Krebs reports on cybercrime. He broke the story about the Target breach in which 40 million people had their credit and debit cards stolen by hackers. Target’s profits dropped 46 percent in the fourth quarter of 2013 and CEO and chairman Gregg Steinhafel left the company in May amid news of the breach.

[Below, Krebs speaks with a CNN reporter about the common characteristics of today’s hackers.]

In the past year, Krebs also reported on a $900,000 “cyberheist” in which cyber-criminals overloaded the servers of a bank with fake traffic to distract employees while they stole nearly $1 million from an online bank account. He reported on a breach in retail stores Michaels and Aaron Brothers that resulted in 3 million credit cards being stolen. Since the beginning of 2014, he has covered at least 7 different data breaches. 

Krebs has covered cybersecurity for more than a decade, first writing about it for The Washington Post before starting his own site.

It’s only recently, though, close readers of his say, that his work has penetrated national conversations.

Krebs, who earned a bachelor’s degree in international studies from George Mason University in 1994, has over 60,000 followers on Twitter. His name is well known among security professionals and his stories are common household topics now. And, though he hasn’t revealed how much revenue his site generates, Krebs has said he is making more now based on advertising, speaking engagements and other consulting gigs than he did reporting at The Post.

The cybersecurity beat, after years of obscurity, is finally paving its way into the mainstream.

Back in his office, Krebs spins around in his chair to face me.

“What kind of music do you like?” he asks me, out of the blue. Krebs plays music all day as he does his reporting.

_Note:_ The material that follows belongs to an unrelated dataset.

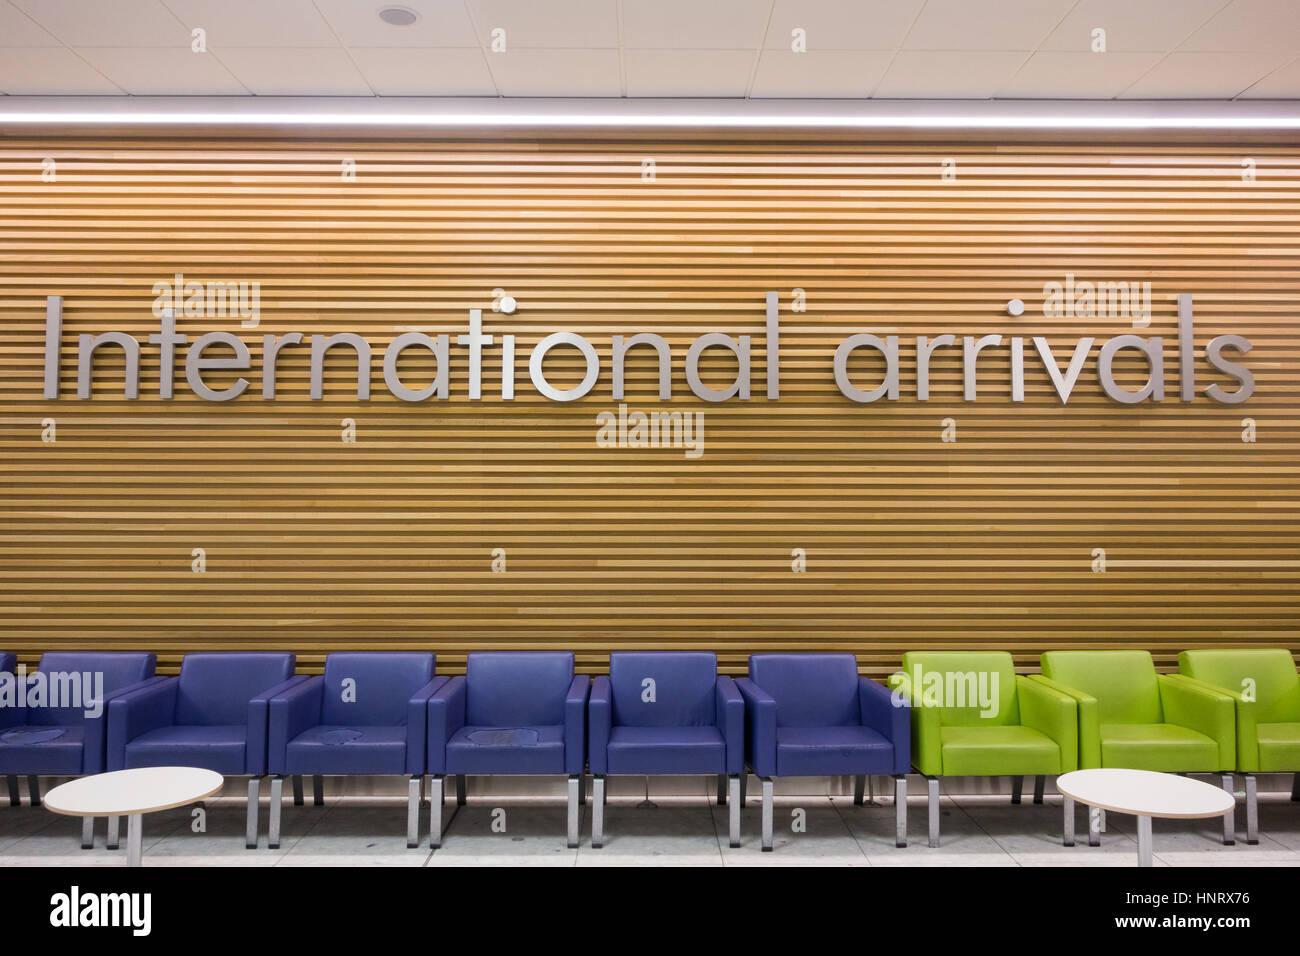 Internationale Ankünfte Zeichen über der Zeile leeren Stühle Stockbild

I name-drop the band Beach House, which he looks up online and blasts through his sound system. He pulls up his own playlist.

“I kind of like the funky background music,” says Krebs, bobbing his head as drums, guitar and a groovy bass line burst through his speakers.

“Sometimes you just need a little bass,” he says.

[Below, the Brian Krebs playlist created by reporter Cory Blair, on Spotify]


The Dangers of Lurking Amid Cyber-Criminals

No other security reporter goes deep underground and mingles with criminals quite like Krebs, according to one of his former editors.

“Working with Brian was like a daily dose of paranoia,”  says Bob Greiner, Krebs’s editor at The Washington Post from 2004 to 2006. (Greiner now works for the IRS). “He would always do the scariest stuff…. There was always that kind of feeling that you were walking close to the edge of a cliff.”

Krebs is no stranger to the darker sides of the web. He says he trolls underground forums looking for criminal activity to write about. He wants to find out what the “bad guys” are doing, what they are talking about, and what new tricks they are coming up with.

“More than anything else, I look for raw data information that is indicative of trends, of breaches, of new lines of criminal business, whatever it is,” says Krebs.

No one on the forums wants people like Krebs snooping around, but they can’t lock him out because they have to strike a balance between being open and closed, Krebs explains. Sites can’t completely block the public or potential customers would be locked out as well, he says. So, for now, Krebs is free to snoop.

The ramifications are personal and often dangerous. His reports shine a light on illegal underground Internet activities and cyber-criminals don’t take such exposure kindly.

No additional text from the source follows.